Metadata submission API, which handles programmatic submissions of EGA metadata, Bigpicture metadata and SDSX (generic) metadata models. Metadata can be submitted either via XML files or via web form submissions. The submitted and processed metadata as well as other user and project data is stored in a MongoDB instance as queryable JSON documents.
Graphical UI implementation for web form submissions is implemented separately here: metadata-submitter-frontend.
SD Submit API also communicates with the following external services via their respective API:
- SD Connect (source code)
- Imaging Beacon (source code)
- NeIC Sensitive Data Archive (docs)
- REMS (source code)
- Metax (docs)
- DataCite (docs)
- Additionally a separate PID microservice for DOI handling
flowchart LR
SD-Connect(SD Connect) -->|Information about files| SD-Submit[SD Submit API]

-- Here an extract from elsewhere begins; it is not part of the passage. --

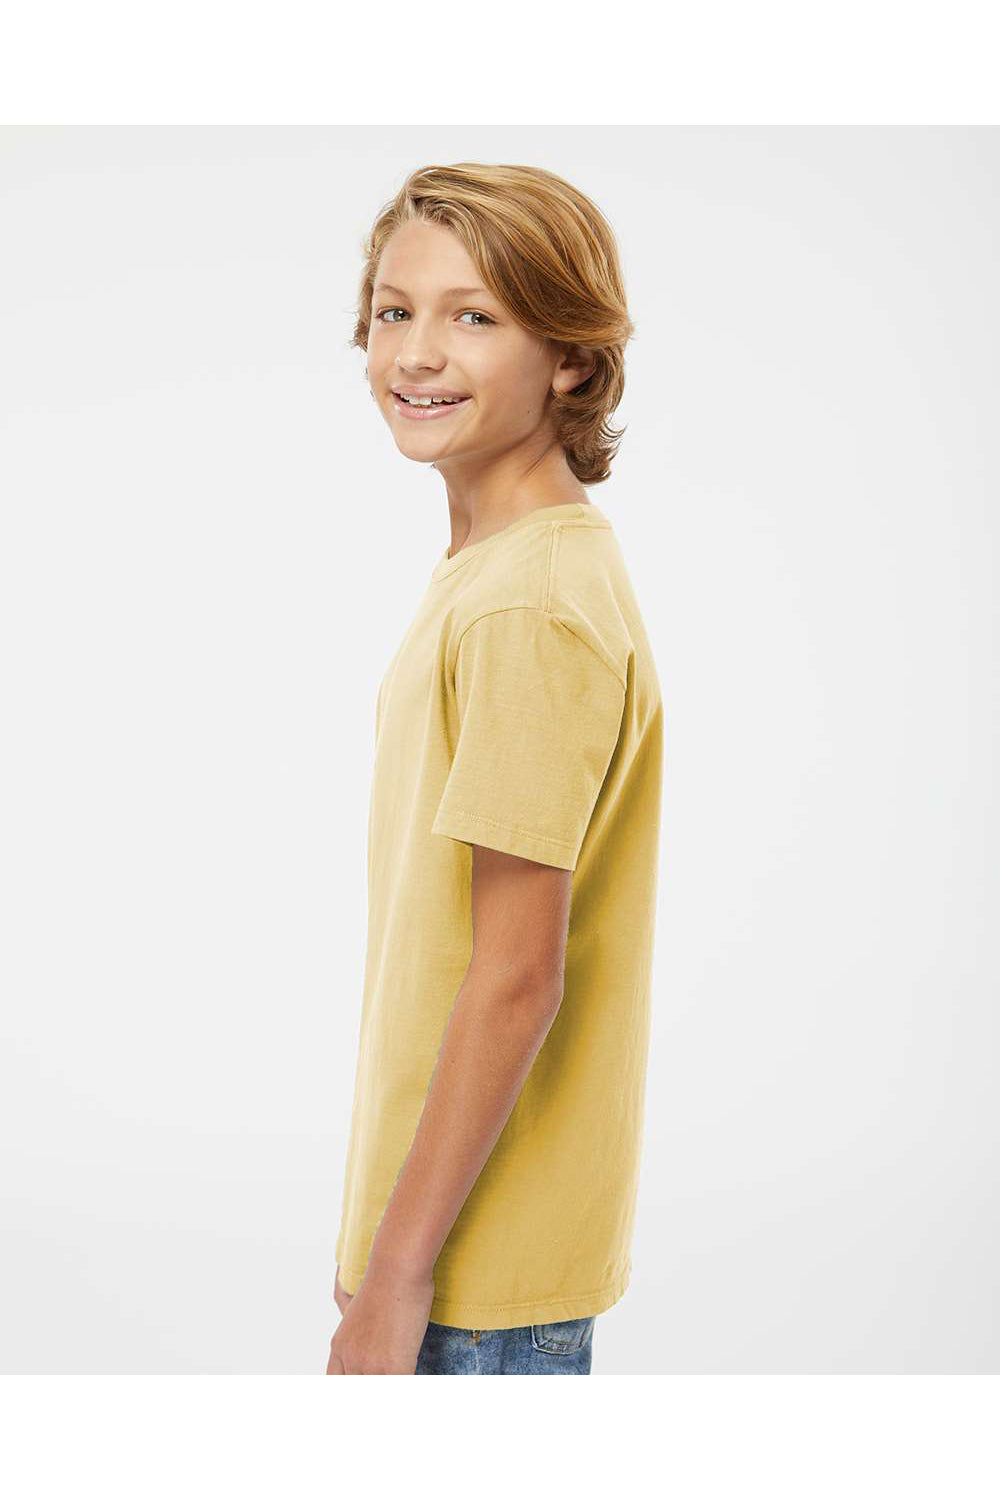 SoftShirts 402 Youth Organic Short Sleeve Crewneck T-Shirt Wheat Yellow Model Side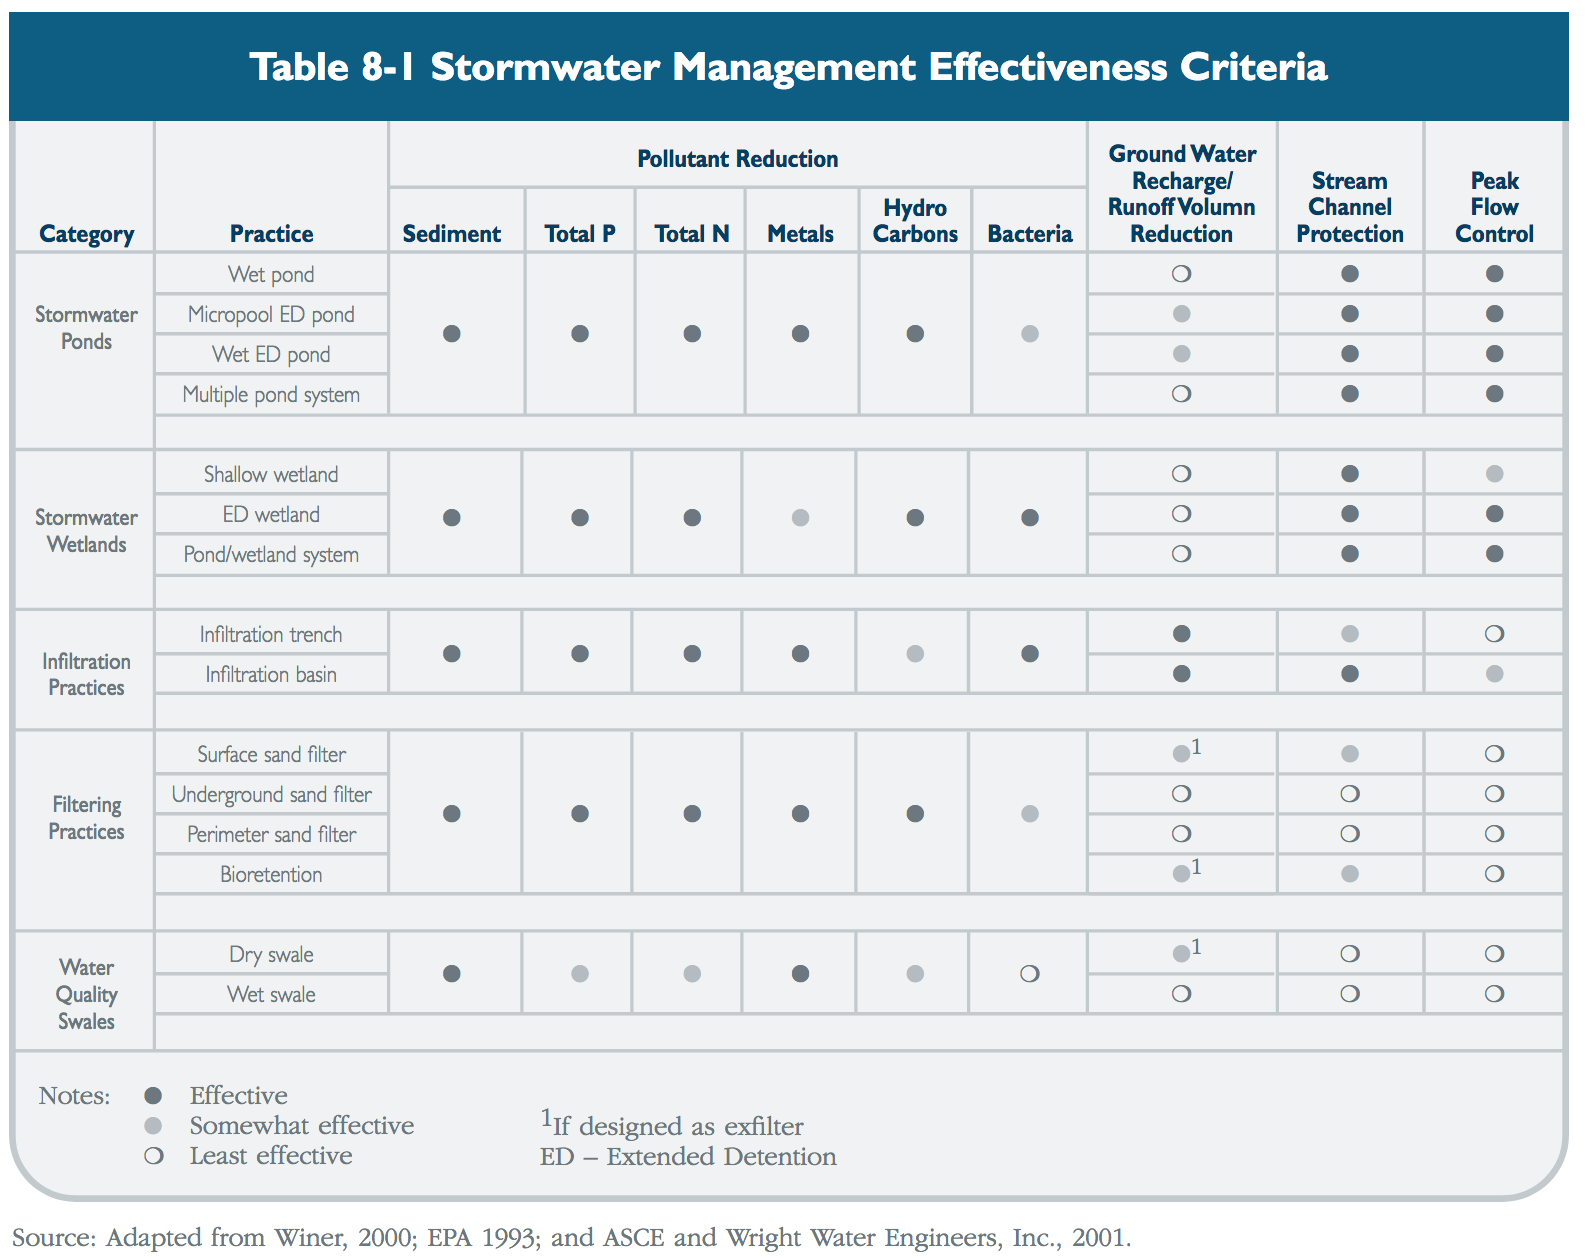 Stormwater Management Effectiveness Criteria

SD-Submit -->|Bigpicture metadata| Bigpicture-Discovery(Imaging Beacon)
SD-Submit <-->|Ingestion pipeline actions| NEIC-SDA(NEIC SDA)
REMS -->|Workflows/Licenses/Organizations| SD-Submit -->|Resources/Catalogue items| REMS(REMS)
SD-Submit -->|EGA/SDSX metadata| Metax(Metax API)
Metax --> Fairdata-Etsin(FairData Etsin)
SD-Submit <-->|DOI for Bigpicture| DataCite(DataCite)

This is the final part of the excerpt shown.